测多少数据量？几个G？多少reads？如何换算？

wangchuang2017

42880人浏览 · 2018-11-17 14:59:29

wangchuang2017 · 2018-11-17 14:59:29 发布

关键词：

lncRNA表达量低，所以要看lncRNA的表达量变化，就要比普通RNA-seq多测一些。

要兼顾SNP和低表达量的lncRNA，要测得更深一些~

到底需要测多少数据量呢？

我们看看权威的ENCODE对RNA-seq的测序深度是如何评价的：

Standards, Guidelines and Best Practices for RNA-Seq V1.0 (June 2011)

The ENCODE Consortium

Sequencing depth.

The amount of sequencing needed for a given sample is determined by the goals of the experiment and the nature of the RNA sample. Experiments whose purpose is to evaluate the similarity between the transcriptional profiles of two polyA+ samples may require only modest depths of sequencing (e.g. 30M pair-end reads of length > 30NT, of which 20-25M are mappable to the genome or known transcriptome, Experiments whose purpose is discovery of novel transcribed elements and strong quantification of known transcript isoforms requires more extensive sequencing.

The ability to detect reliably low copy number transcripts/isoforms depends upon the depth of sequencing and on a sufficiently complex library. For experiments from a typical mammalian tissue or in which sensitivity of detection is important, a minimum depth of 100-200 M 2 x 76 bp or longer reads is currently recommended.
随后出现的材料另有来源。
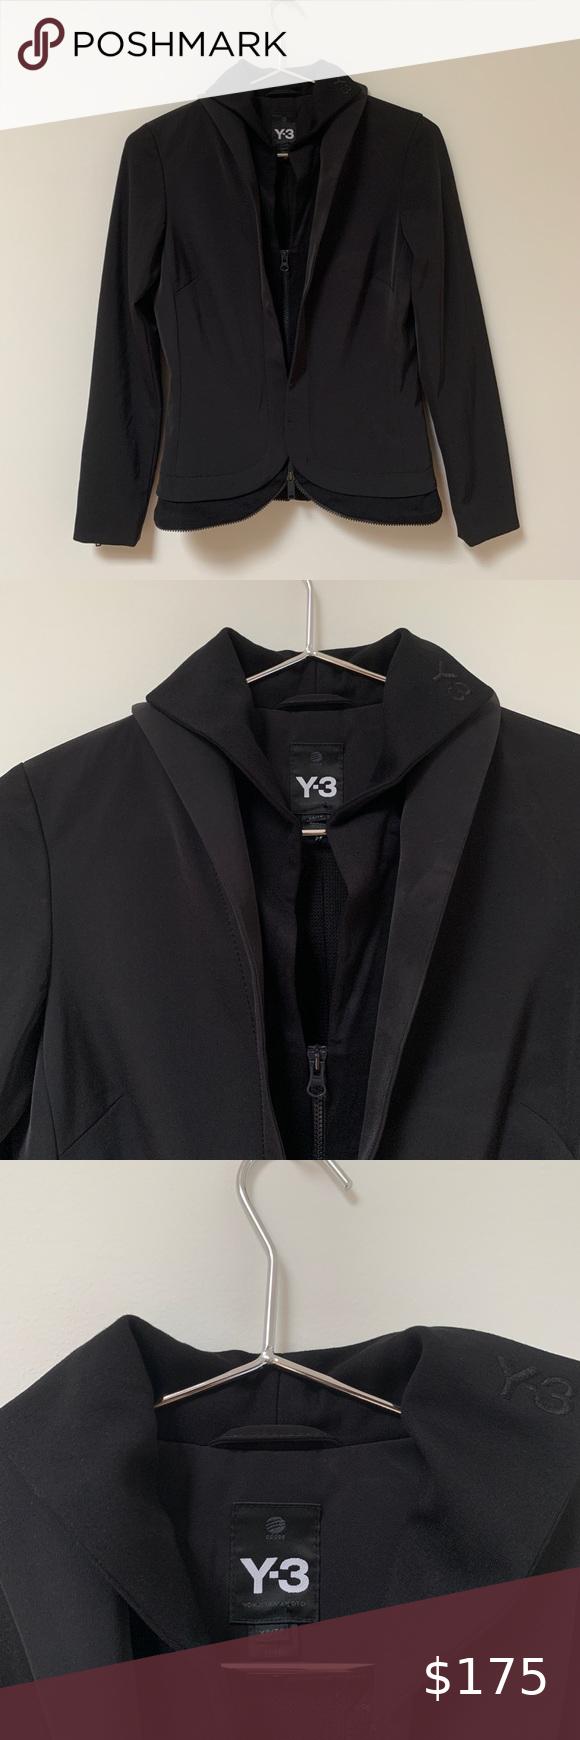 Y3 X Adidas Jacket Yohji Yamamoto Sporty Jacket Yohji Yamamoto Clothes Design

[Specialized studies in which the prevalence of different RNAs has been intentionally altered (e.g. “normalizing” using DSN) as part of sample preparation need more than the read amounts (>30M paired end reads) used for simple comparison (see above). Reasons for this include:

(1) overamplification of inserts as a result of an additional round of PCR after DSN and

(2) much more broad coverage given the nature of A(-) and low abundance transcripts.

权威的话转换如下：

根据研究目的决定测序深度：

目的1：通过抓取polyA尾巴建库（只测那些带有polyA尾巴的基因，大多是蛋白编码基因），

寻找样品间基因转录谱的相似性，只需要30M reads，长度大于30nt即可，双端测序，其中20-25M能够回帖到已知转录组上。

目的2：要发现新的转录本，对已知isoform（同一基因由于不同的可变剪接方式形成多种isoform，勉强译为亚型）进行定量分析，

兼顾低表达量的转录本或isoform，就需要100-200M read，长度大于76bp，双端测序。

lncRNA-seq属于这一类型。

注：ENCODE测的是人和小鼠，其他物种不包括在此推荐范围内。

另外，miRNA测序，只需要10M read，每条read长50bp，单端测序。

ChIP-seq，需要20M read，每条read长50bp，单端测序。